# WBIC

This notebook gives a tutorial on how to use Watanabe-Bayesian information criterion (WBIC) for feature selection. The WBIC is an information criterion. Similarly to other criteria (AIC, BIC, DIC) the WBIC endeavors to find the most parsimonious model, i.e., the model that balances fit with complexity. In other words a model (or set of features) that optimizes WBIC should neither over nor under fit the available data. 

In this tutorial a data set is simulated using the damped linear trend (DLT) model. This data set is then used to fit DLT models with varying number of features as well as a global local trent model (GLT), and a Error-Trend-Seasonal (ETS) model.
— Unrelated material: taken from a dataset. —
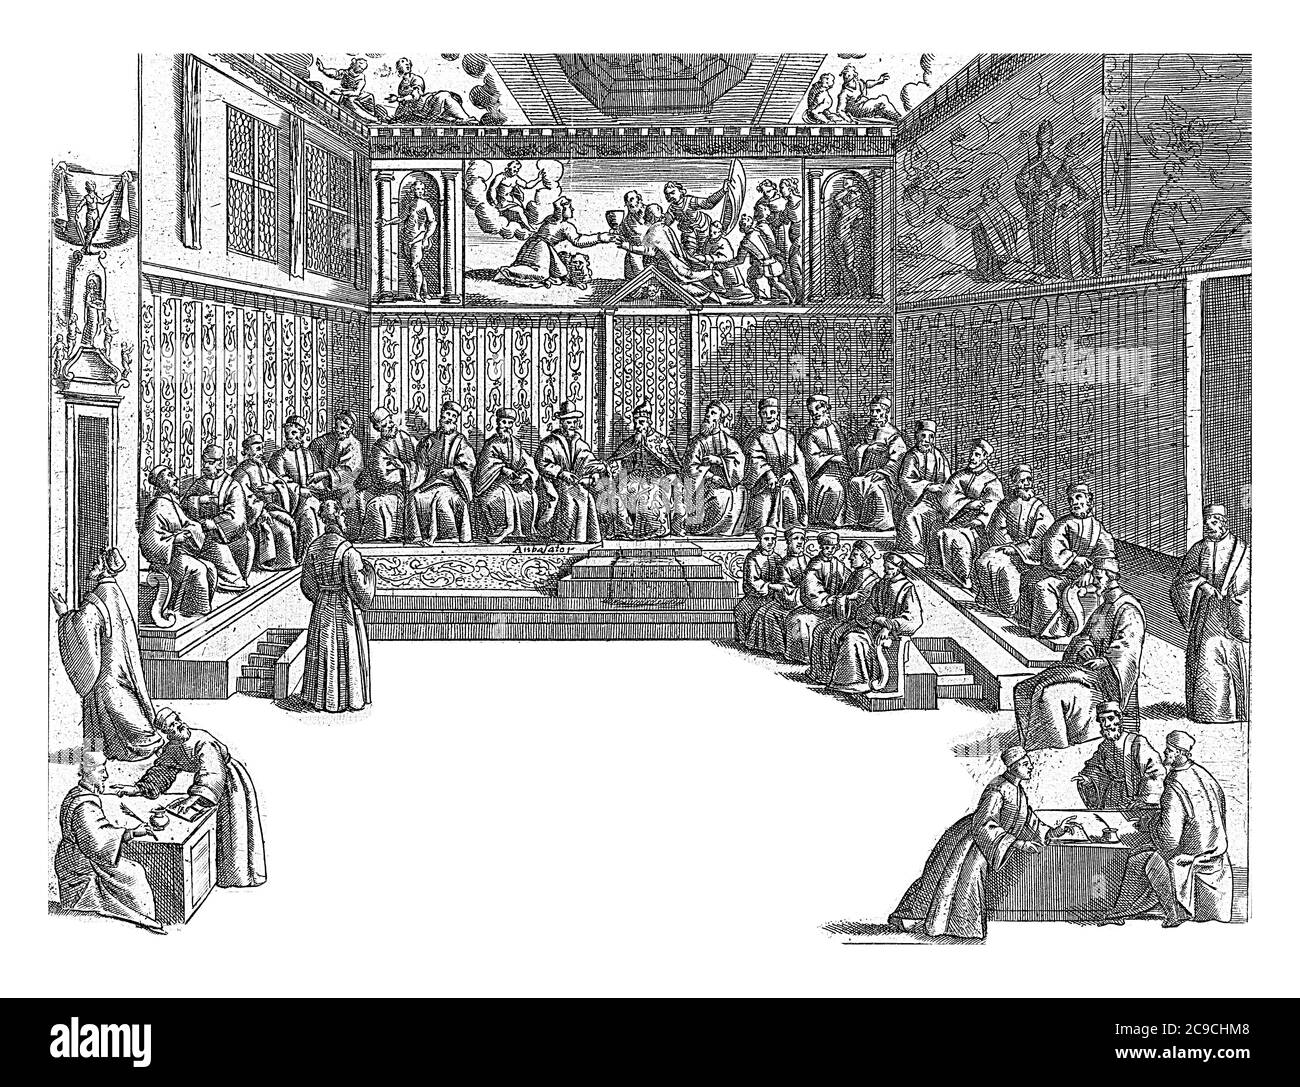 Rencontre dans la Sala del Collegio, anonyme, 1610 intérieur de la Sala del Collegio dans le Palais des Doges à Venise. La cale de Venise se trouve au milieu Banque D'Images

The WBIC criteria is then show to find the true model. 


In [1]:
from datetime import timedelta

import pandas as pd
import numpy as np

import matplotlib.pyplot as plt
%matplotlib inline

import orbit
from orbit.models import DLT,ETS, KTRLite, LGT, ARMA
from orbit.utils.simulation import make_trend, make_regression

In [2]:
print(orbit.__version__)

1.1.0dev


## Data Simulation

This block of code creats random data set (365 observations with 10 features) assuming a DLT model. Of the 10 features 5 are effective regressors; i.e., they are used in the true model to create the data.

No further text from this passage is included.